The SUPREMO trial (Selective Use of Postoperative Radiotherapy After Mastectomy) presented its long-term results at the recent San Antonio Breast Cancer Symposium, marking a significant moment in the management of intermediate-risk breast cancer. As the only practice-changing presentation at the symposium, this trial provides robust evidence for the de-escalation of chest wall irradiation (CWI) in specific patient populations following mastectomy.

About the Trial:

SUPREMO is a phase III international, multicenter trial designed to assess whether CWI improves overall survival (OS) or reduces recurrence in intermediate-risk breast cancer patients. This group includes patients with tumors exhibiting certain characteristics that make the need for postoperative radiotherapy uncertain【1】【2】.

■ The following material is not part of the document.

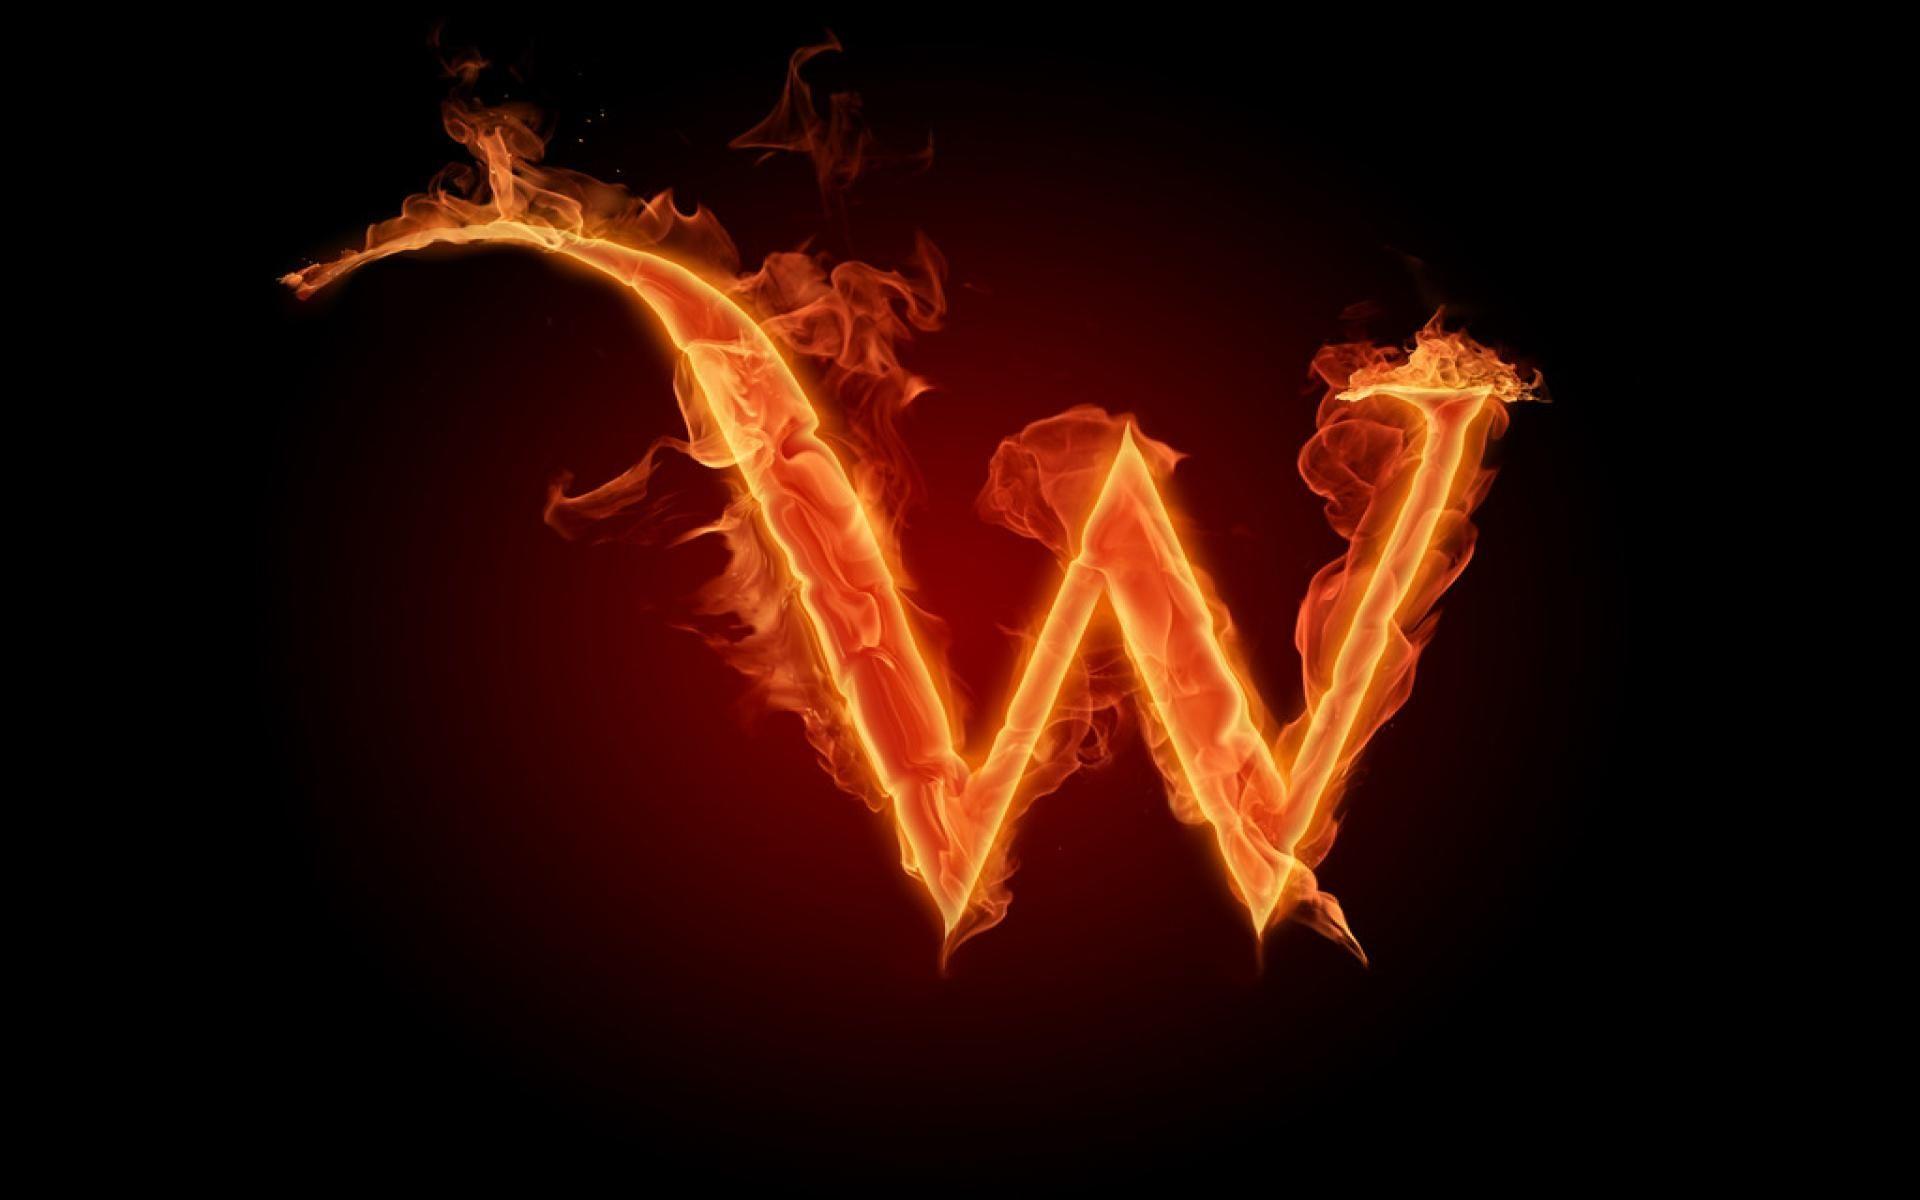 Burning Fire Letter W Wallpaper

Key Findings (Median Follow-Up: 9.6 Years):

• Overall Survival (OS):

No statistically significant difference was observed in 10-year OS between patients receiving CWI (81.4%) and those who did not (82.0%). This confirms that CWI does not confer a survival advantage in this population【1】【2】【3】.

• Local Recurrence:

While CWI reduced the relative risk of chest wall recurrence by more than 50%, the absolute reduction in recurrence was less than 2%, deemed clinically insignificant for most patients【2】【3】.

• Subgroup Analysis:

Both node-negative patients (N0) and those with T1-T2 tumors with 1-3 positive lymph nodes (N1) demonstrated no OS advantage with CWI. This suggests that many intermediate-risk patients, previously considered candidates for postoperative radiotherapy, may safely omit this treatment【1】【3】.

Clinical Implications:

The SUPREMO trial supports a tailored, de-escalated approach to radiation therapy in intermediate-risk breast cancer patients. By identifying subgroups unlikely to benefit from CWI, clinicians can reduce treatment-related morbidity while maintaining excellent oncologic outcomes. Patients meeting the following eligibility criteria may particularly benefit from this evidence【1】【2】:

1. pT1-2, N1 Disease: Tumors ≤50 mm with 1-3 positive axillary lymph nodes.

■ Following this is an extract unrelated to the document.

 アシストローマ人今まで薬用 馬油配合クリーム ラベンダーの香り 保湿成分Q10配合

2. pT3, N0 Disease: Tumors >50 mm with no nodal involvement.

3. High-Risk Features in Node-Negative Disease: Tumors >20 mm but ≤50 mm with grade 3 histology and/or lymphovascular invasion (LVI).

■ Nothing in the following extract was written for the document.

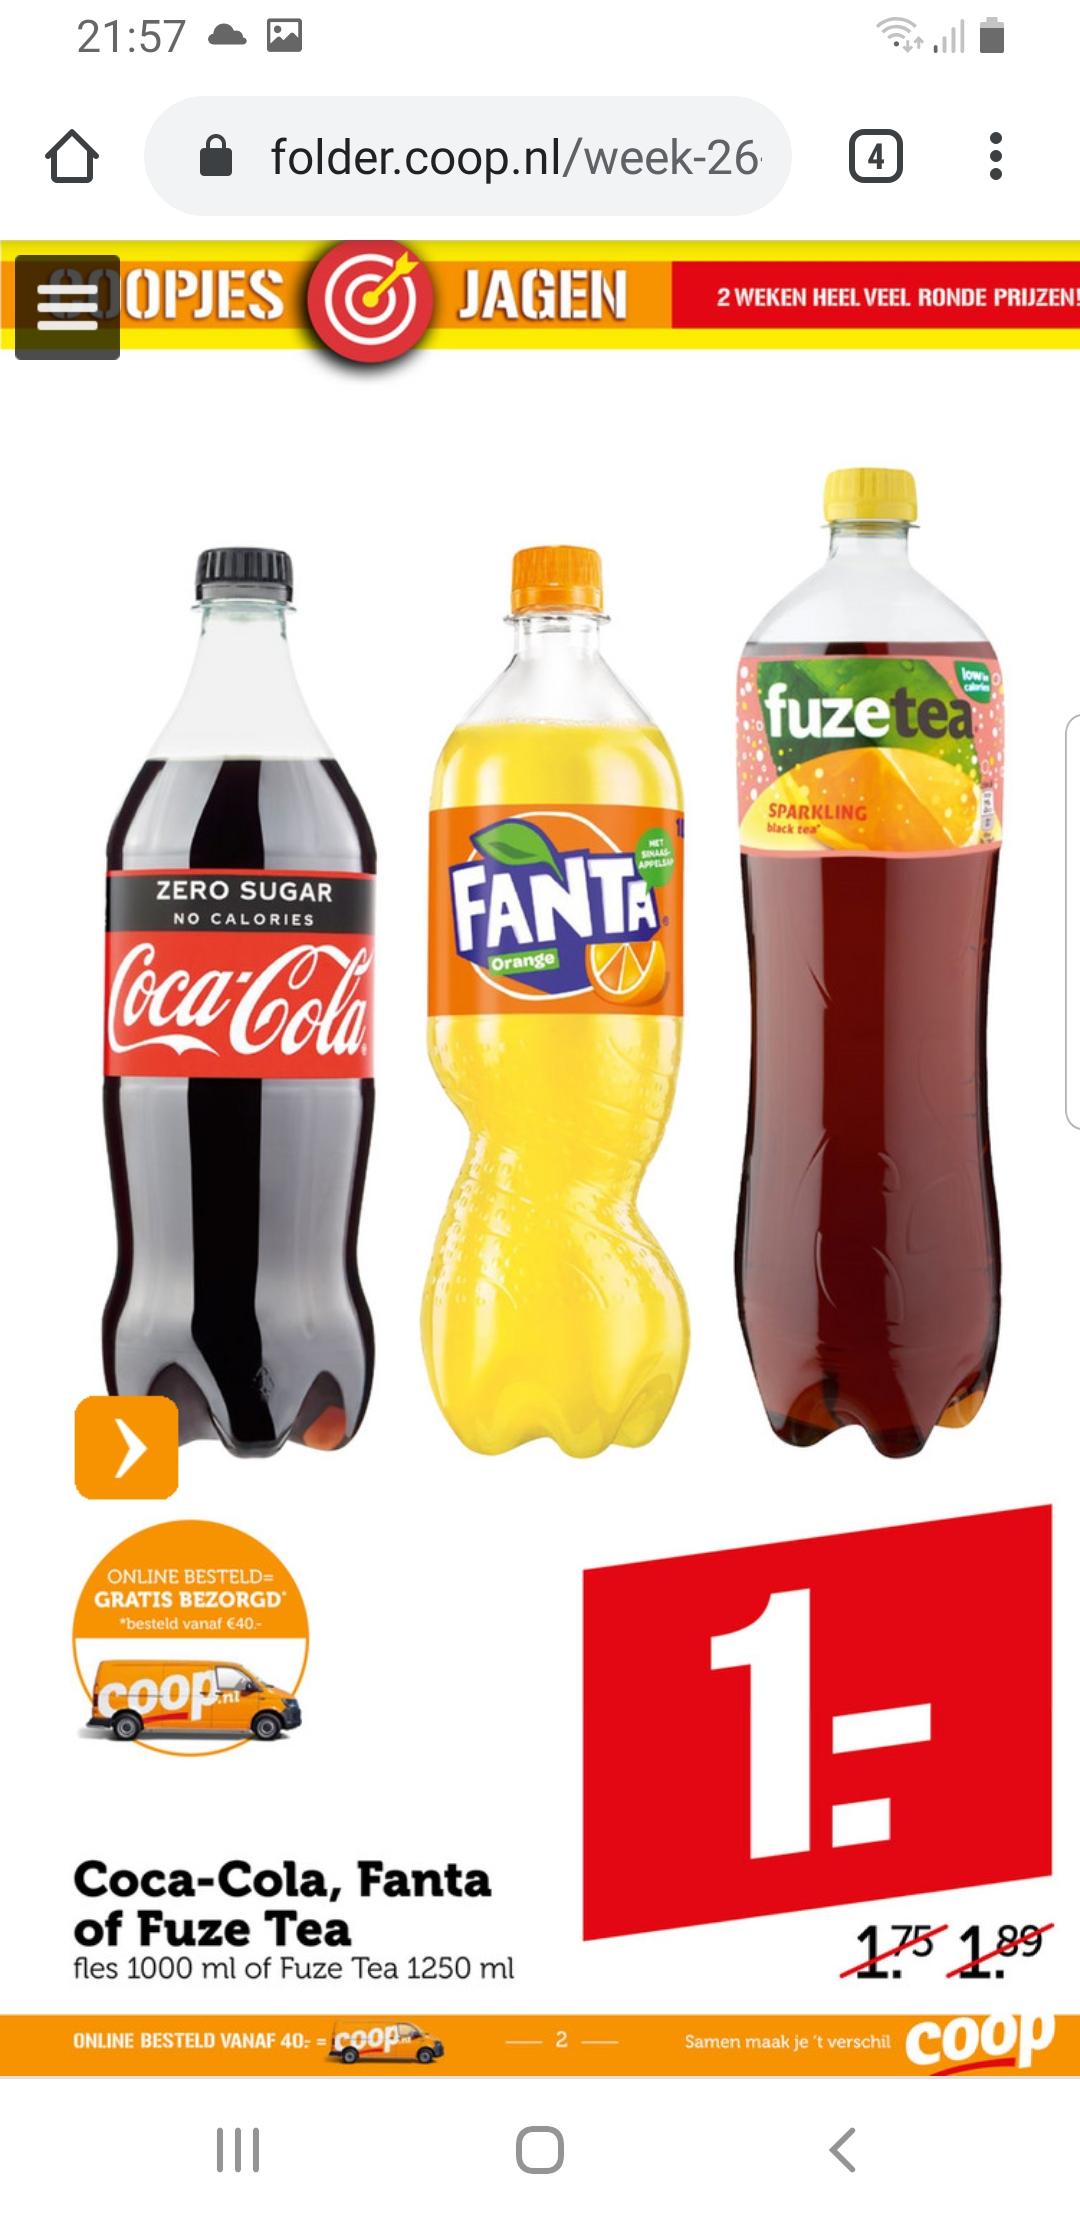 Coca Cola 1L Fanta of Fuze Tea €1 per stuk bij de Coop

Context and Broader Impact:

These findings align with an ongoing shift toward de-escalation strategies in oncology, prioritizing individualized treatment plans that balance efficacy and quality of life. The trial provides additional support for reducing overtreatment, especially in light of advancements in systemic therapies, which may further mitigate recurrence risk in intermediate-risk breast cancer【3】【4】.

Future Directions:

While SUPREMO guides practice for intermediate-risk patients, further research is needed to refine the role of radiotherapy in other subgroups, including those with high-risk features or specific molecular subtypes. Additionally, long-term follow-up beyond 10 years will provide further clarity on late recurrences and survival outcomes【4】.

References:

1. Kunkler, I. H., et al. Postmastectomy Radiotherapy for Intermediate-Risk Breast Cancer: Results from the SUPREMO Trial. Lancet Oncology, 2023.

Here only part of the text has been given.